28. Join a Race: Signing up for a race can provide a sense of purpose and motivation for your training. Becs encourages beginner runners to choose a race that aligns with their goals and gives them something to work towards.

29. Listen to Expert Advice: Seek guidance from knowledgeable sources, such as experienced runners, coaches, and instructors. Robin encourages reaching out to experts for advice on training, nutrition, gear, and injury prevention to help you make informed decisions.

30. Embrace the Community: The running community is known for its supportive and inclusive nature. Becs suggests getting involved in local running groups, online communities, and events to connect with fellow runners, share experiences, and gain inspiration.

31. Use Visualization Techniques: Visualizing your runs and races can help you mentally prepare and stay focused. Robin recommends using visualization techniques to imagine yourself running strong, handling challenges, and achieving your running goals.

32. Incorporate Strength Training: Building strength in your muscles can enhance your running performance and reduce the risk of injury. Becs recommends adding strength training exercises, such as squats, lunges, and core work, to your routine to support your running.

33. Listen to Your Instructors: Pay close attention to the guidance and feedback provided by your instructors, whether it’s in a live class, on-demand workout, or through educational content. Robin and Becs share valuable insights and tips to help you become a better and more confident runner.

34. Stay Consistent: Consistency is key to making progress in your running journey. Becs advises staying committed to your training, showing up for your runs, and prioritizing your fitness to build healthy habits and see improvements over time.

35. Embrace the Process: Remember that running is a journey, not a destination.

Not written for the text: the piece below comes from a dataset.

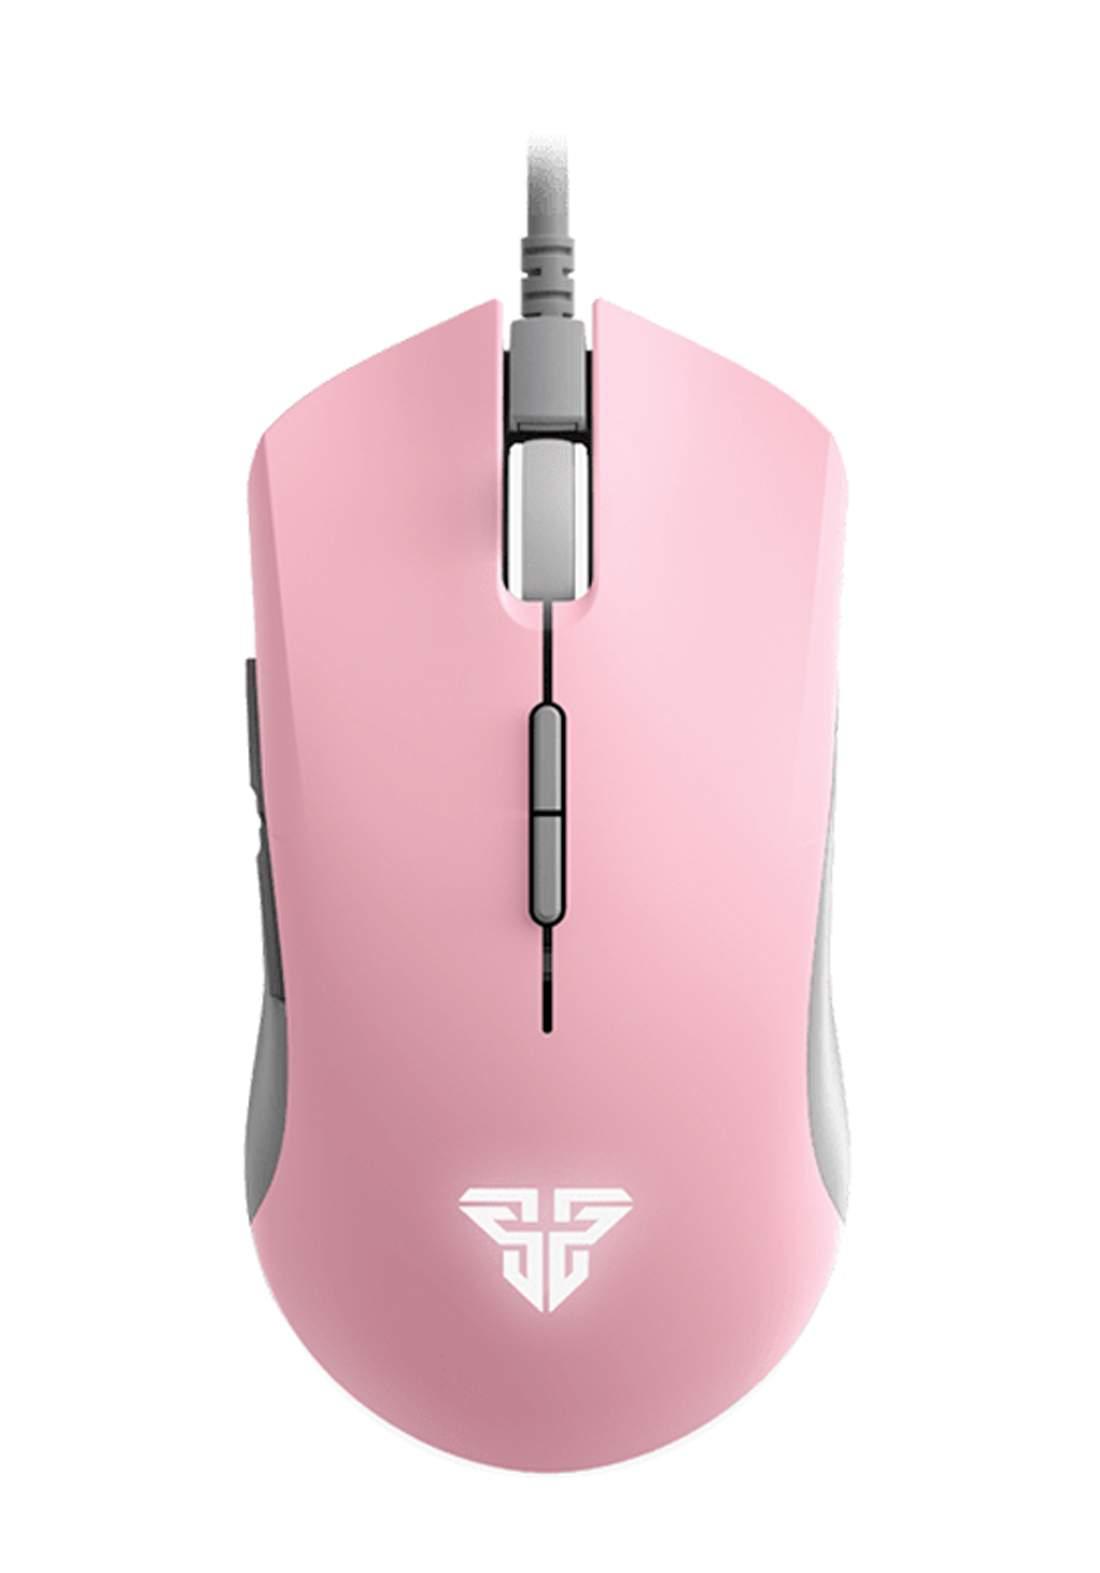 Fantech Blake X17 RGB Gaming Mouse

Robin encourages embracing the process, enjoying the highs and lows, and learning from each run to become a stronger and more resilient runner.

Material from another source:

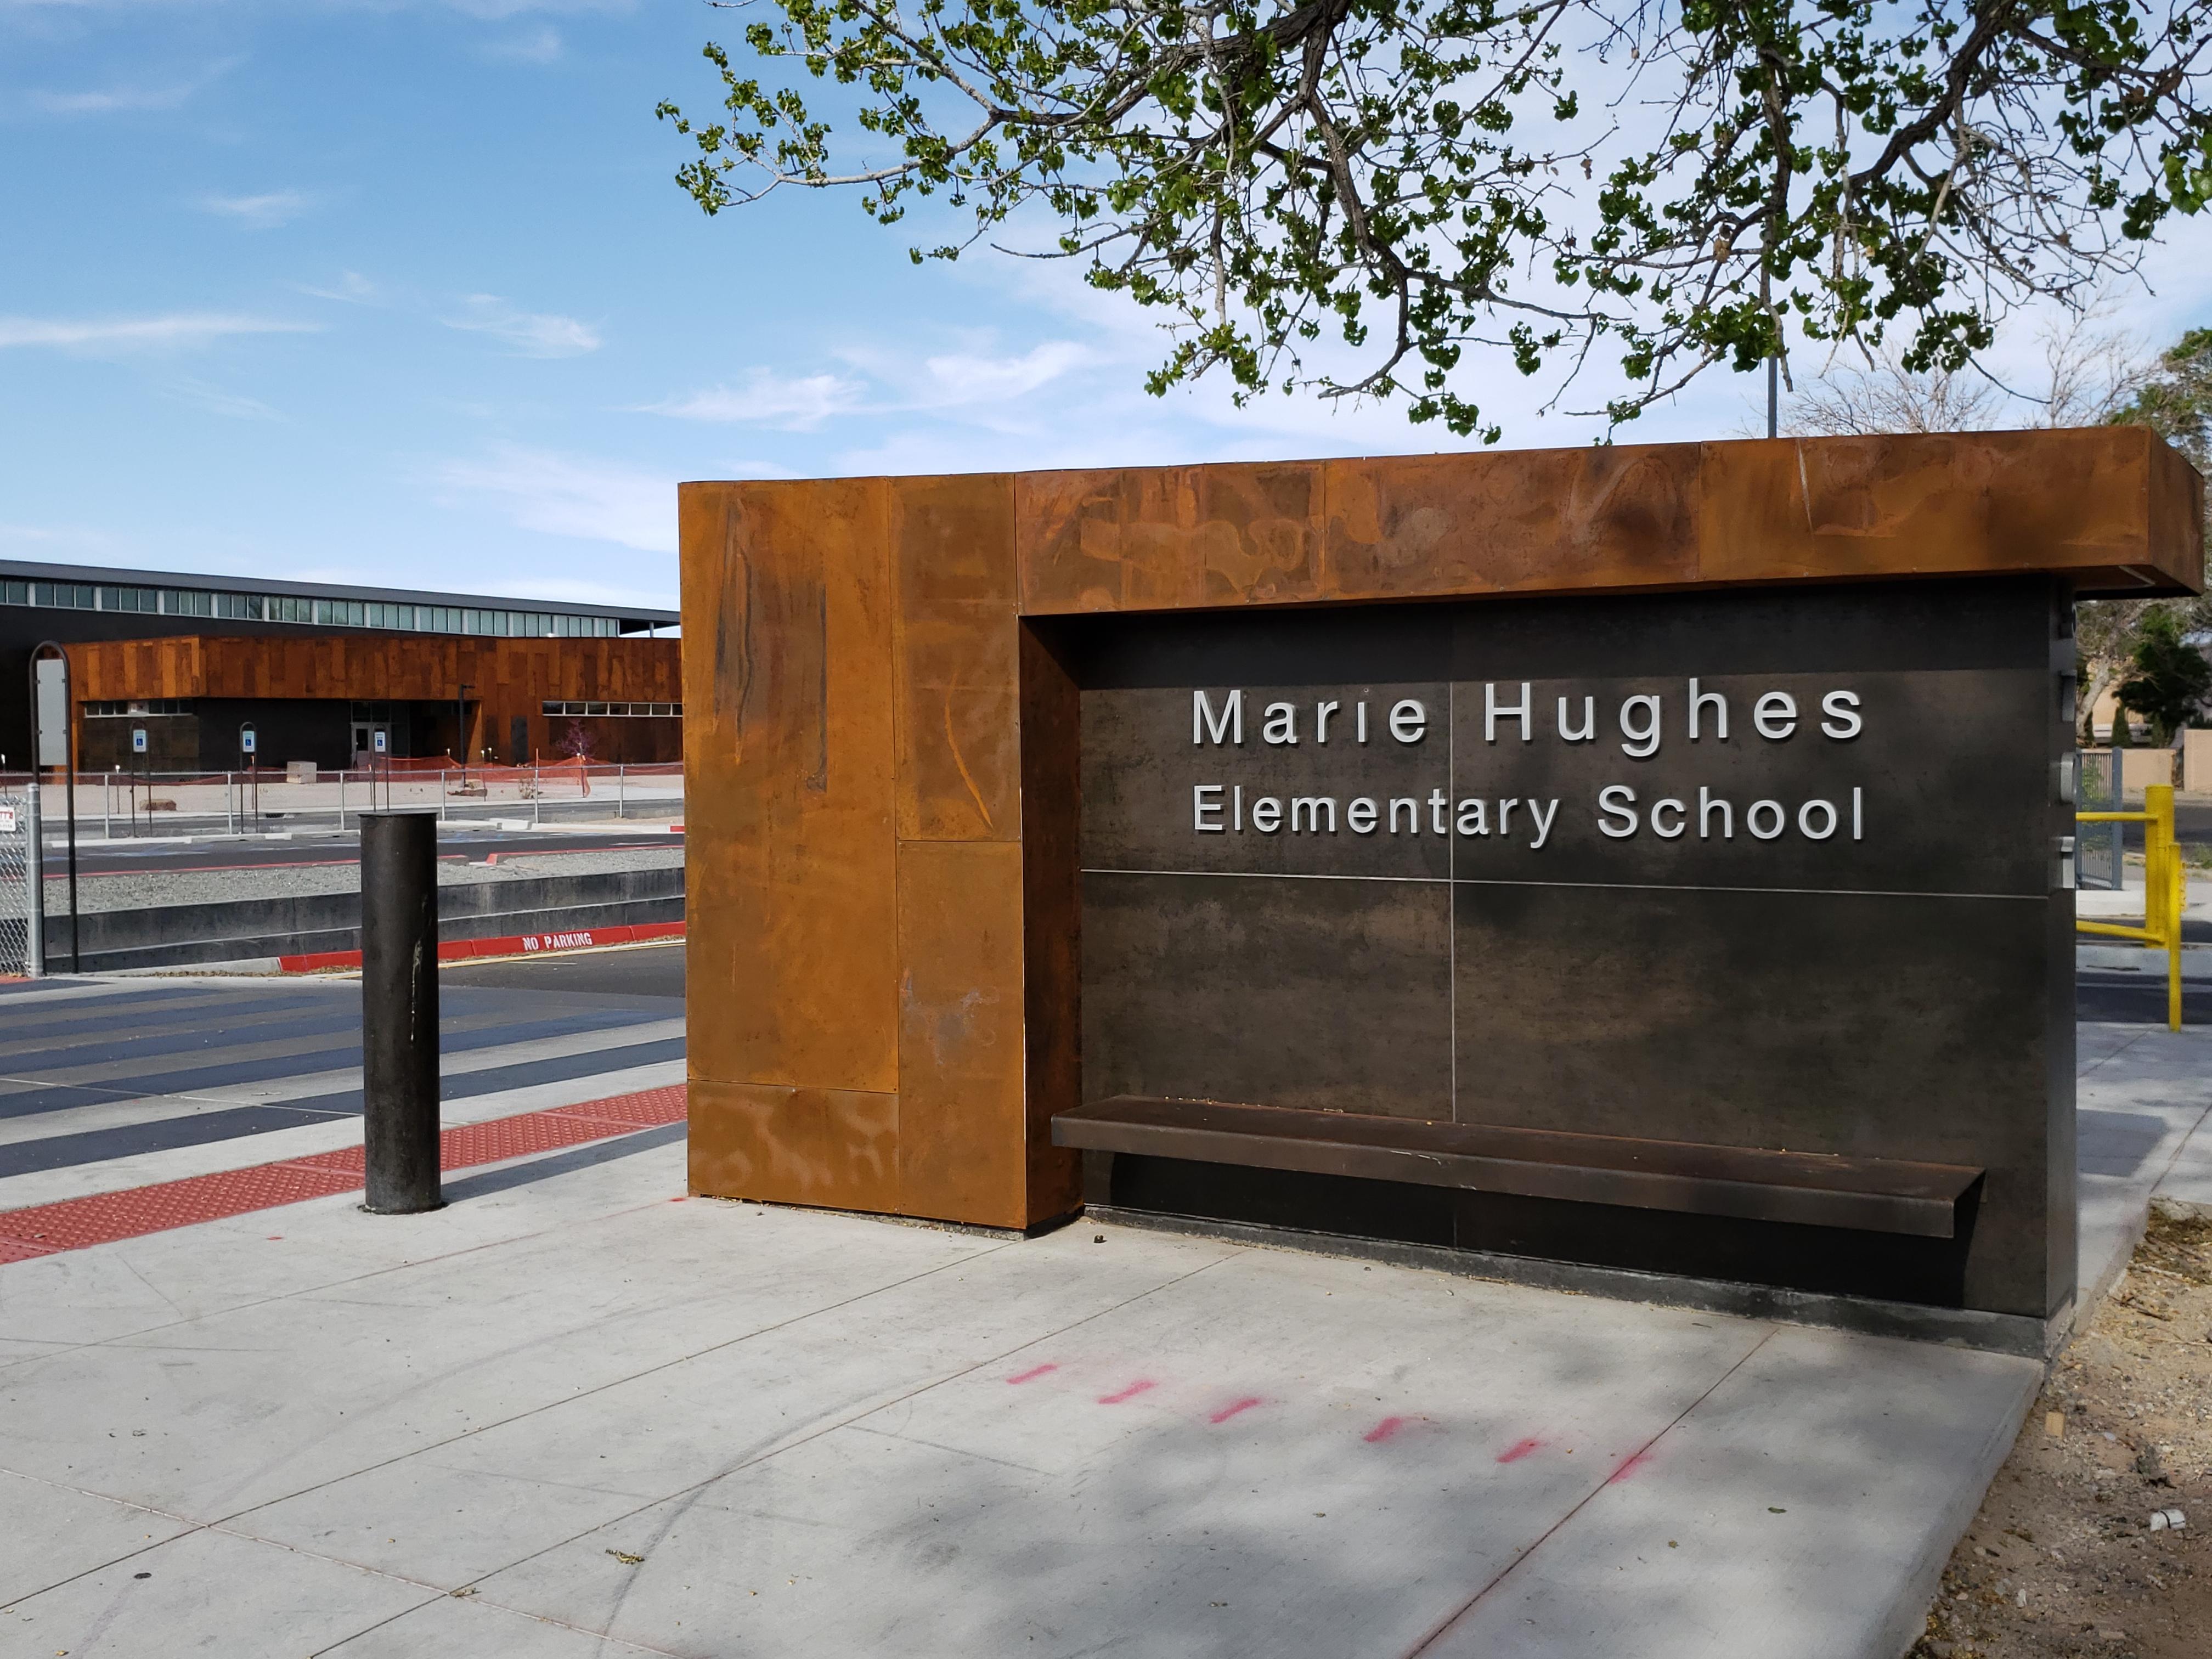 Marre Hughes Elementary

36. Celebrate Your Achievements: Take the time to celebrate your accomplishments, big or small, as a beginner runner. Becs encourages acknowledging your hard work, progress, and milestones to stay motivated and inspired on your running path.

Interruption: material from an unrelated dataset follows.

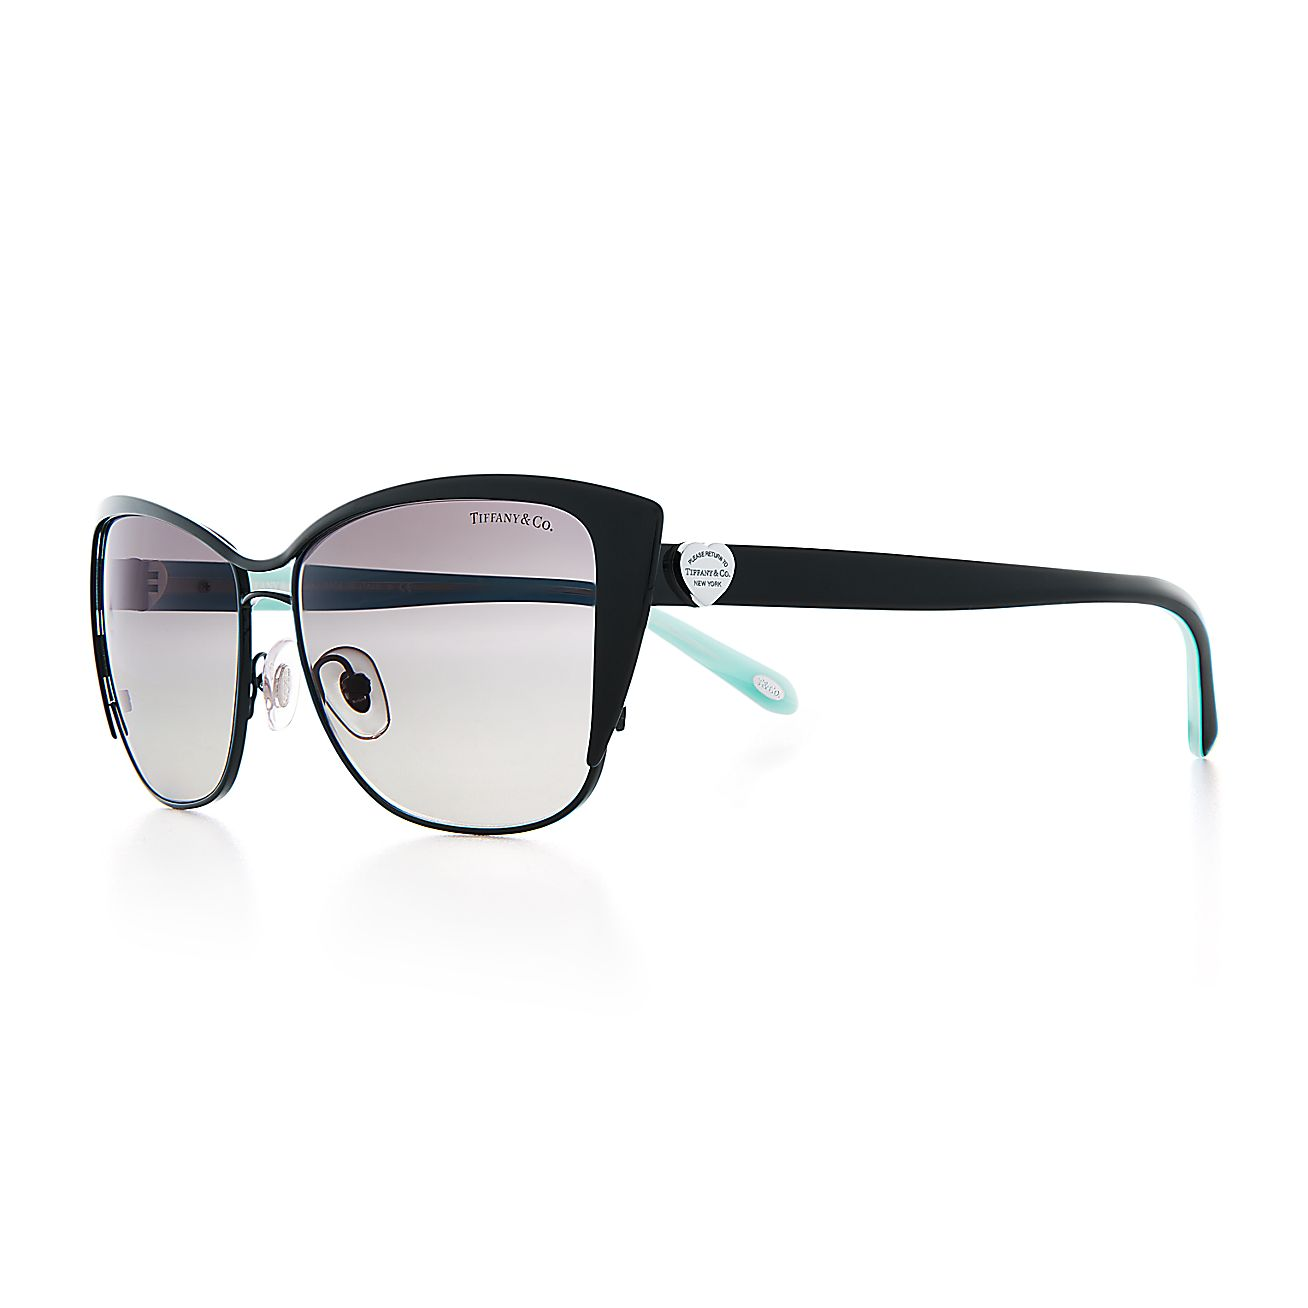 3917372af4e6 Return to Tiffany® cat eye sunglasses in black metal and acetate.

In conclusion, running can be a rewarding and transformative experience for beginners looking to improve their fitness and overall well-being. By following the beginner running tips shared by top Peloton instructors Robin Arzón and Becs Gentry, you can develop the skills, habits, and mindset to become a successful and confident runner. Whether it’s starting with a walk-run approach, focusing on form, setting realistic goals, or embracing the running community, these tips can help you embark on a fulfilling running journey and achieve your fitness aspirations. So lace up your running shoes, hit the pavement, and let these expert tips guide you on your path to becoming a stronger, healthier, and more accomplished runner.